FDIC’s proposed broker deposit changes hurt community banks

On July 30, the FDIC Board of Directors proposed a rule change that could significantly alter how banks classify deposits associated with third-party service providers. In short, the new rules would greatly expand the amount of brokered deposits, as well as the number of third-party deposit brokers — walking back key elements of the 2020 final rules. The FDIC cites the large bank failures of 2023 and the recent collapse of Synapse Financial as justification for the policy shift. 

Of course, it’s appropriate for the FDIC, government officials, banking leaders and consumer protection groups to be searching for solutions to prevent incidents like these in the future. Yet these new rules are misguided. Rolling back the progress made on brokered deposits in 2020 would not have prevented the recent failures and will hurt the very financial institutions the FDIC claims to be trying to help: community banks.

Reid Thomas image
Reid Thomas

Brokered deposits aren’t the problem 

Brokered deposits did not contribute to the bank failures in 2023. Rather, it has been well documented that a key driver for the run on these banks was extraordinarily high amounts of uninsured deposits. The percentage of brokered deposits at each bank before their collapse was very small: Close to 0 percent in the case of Silicon Valley Bank and less than 7 percent in the case of First Republic. In fact, the bank runs proved that brokered deposits, the majority of which were FDIC insured, were among the most stable.

It’s also worth asking: Why did the FDIC mention Synapse in its proposed rulemaking notice? The banks behind Synapse are not failing, and the Deposit Insurance Fund is not at risk of having to pay. By all accounts, it looks like Synapse was poorly run and lacked proper controls to meet the promise to their customers.
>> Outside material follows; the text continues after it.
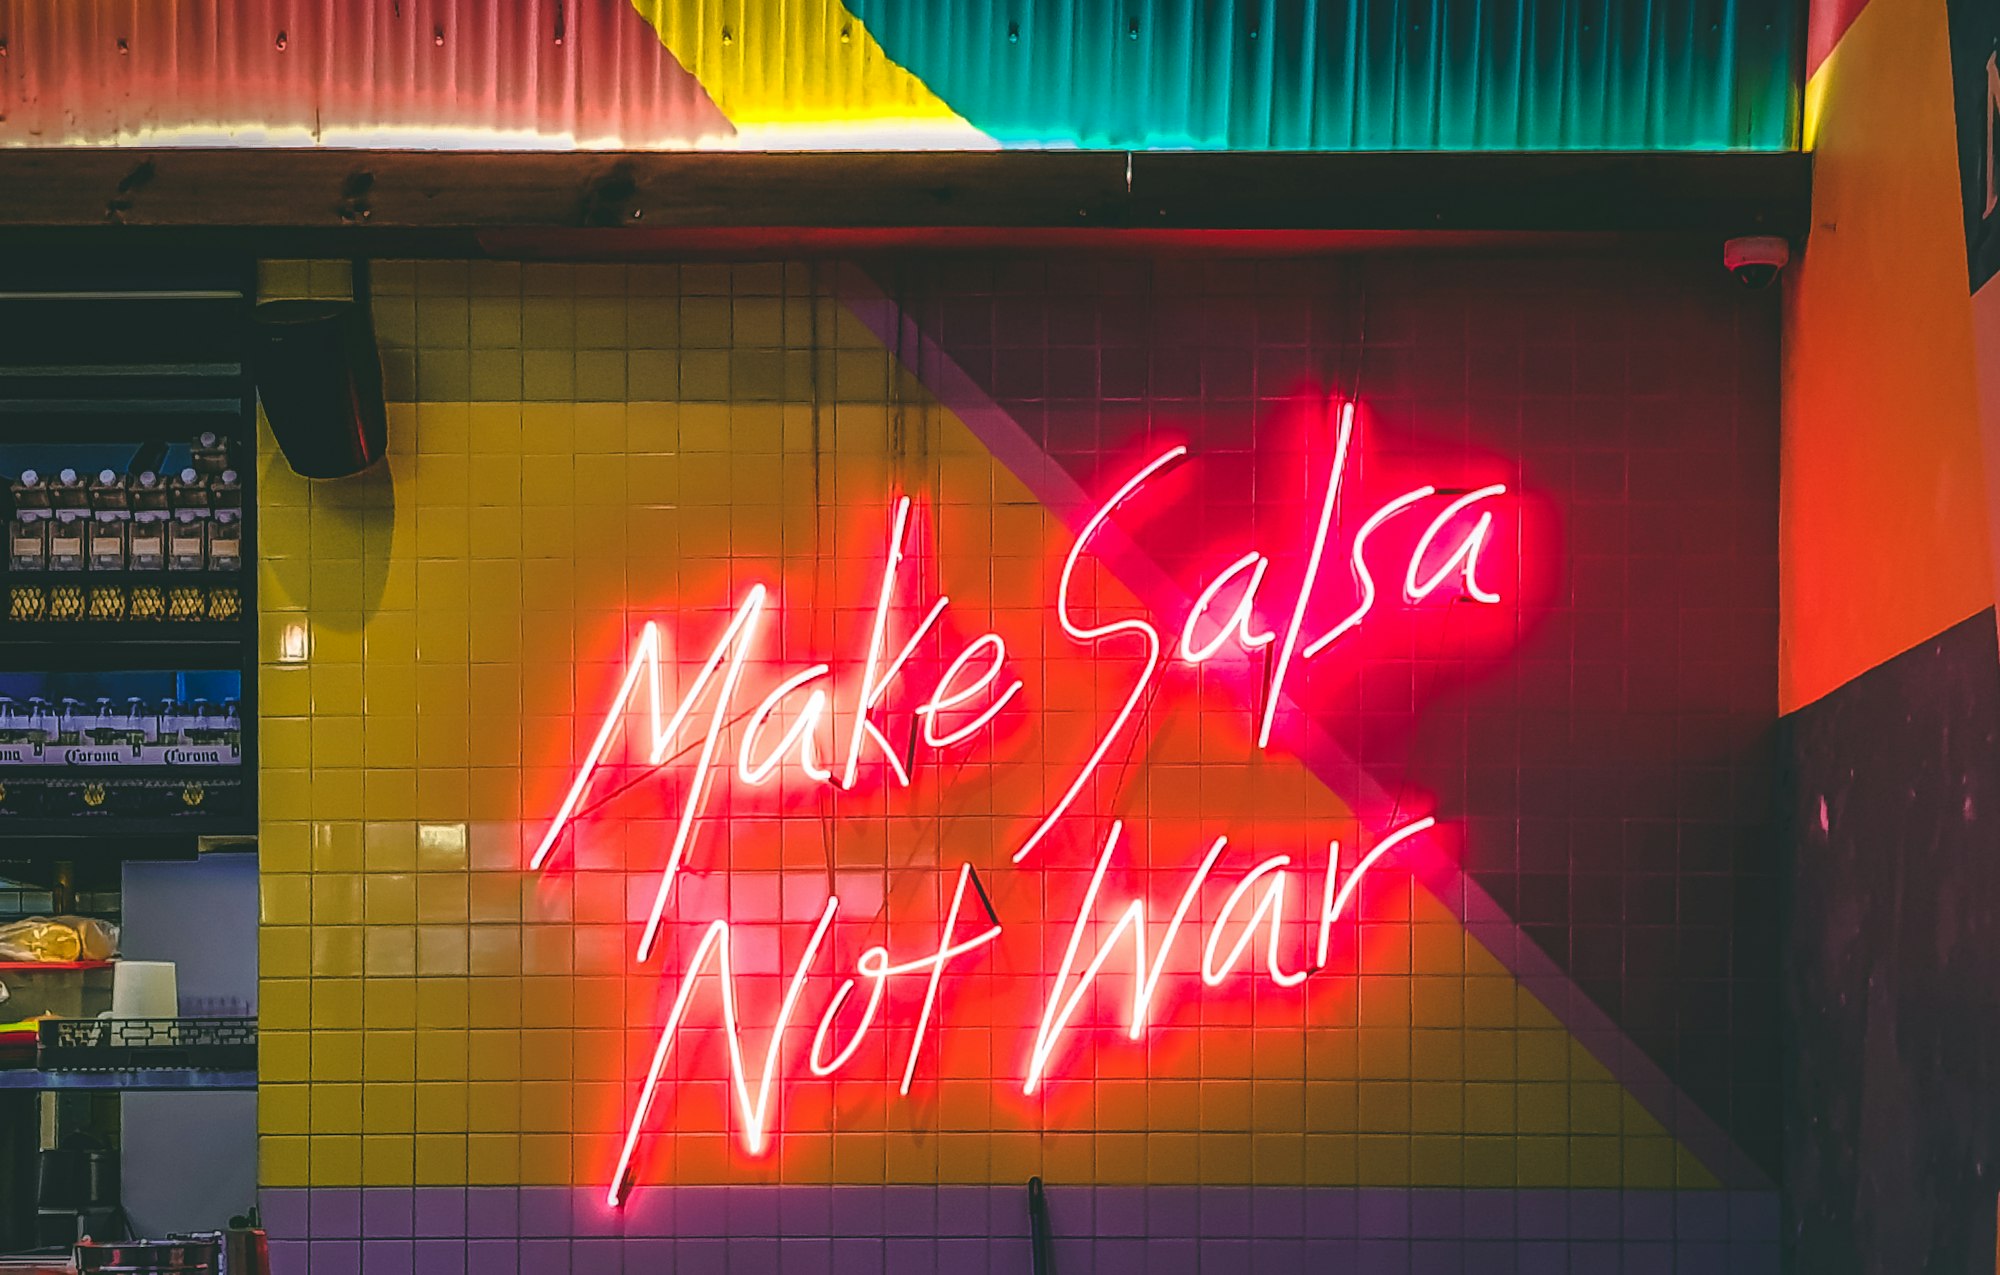 The words 'Make salsa not war' in a large, red neon sigh against a yellow tiled wall

The Synapse failure had nothing to do with whether deposits were classified as brokered or not.

The rise of fintech, however, does speak to the ill-advised nature of the proposed rule changes. Nearly 1.3 million account holders now use services through Banking-as-a-Service (BaaS) companies to meet their needs. To classify any funds deposited at a bank through a third-party service provider as brokered — as the proposed rules would — is at worst anti-innovation and at best lazy. There are a wide range of financial applications that aggregate deposits as a byproduct of the service, and in most cases such deposits are the opposite of “hot money.” If anything, the bank failures of 2023 show that these deposits are a legitimate and stabilizing tool for well-run financial institutions to fund their banking activities.

Proposed rules present significant challenges to community banks 

For community banks, the proposed rule change presents a significant challenge. While the FDIC aims to clarify what constitutes a brokered deposit, the proposed reclassification adds a new layer of complexity for smaller institutions, which will have to file notices and applications for primary purpose exceptions

This extra administrative burden will increase community banks’ costs. At the same time, classifying a wider breadth of deposits as brokered will result in higher assessment fees, further straining their resources. All this diverts focus from their primary mission: serving their communities.

It is crucial to protect consumers and ensure that both fintechs and banks operate safely and soundly. However, overregulation is not the solution. Rather, fostering stronger relationships between fintechs and banks is essential. By encouraging collaboration and providing oversight through regulatory sandboxes, the industry can test new products in a controlled environment, ensuring safety for both banks and their customers.

While the FDIC’s intentions are rooted in consumer protection, the proposed rule change could unintentionally harm community banks. A more nuanced approach is needed — one that balances the need for innovation with the imperative of maintaining a stable banking system.

Thomas is Chief Strategy Officer at deposit management services firm Ampersand.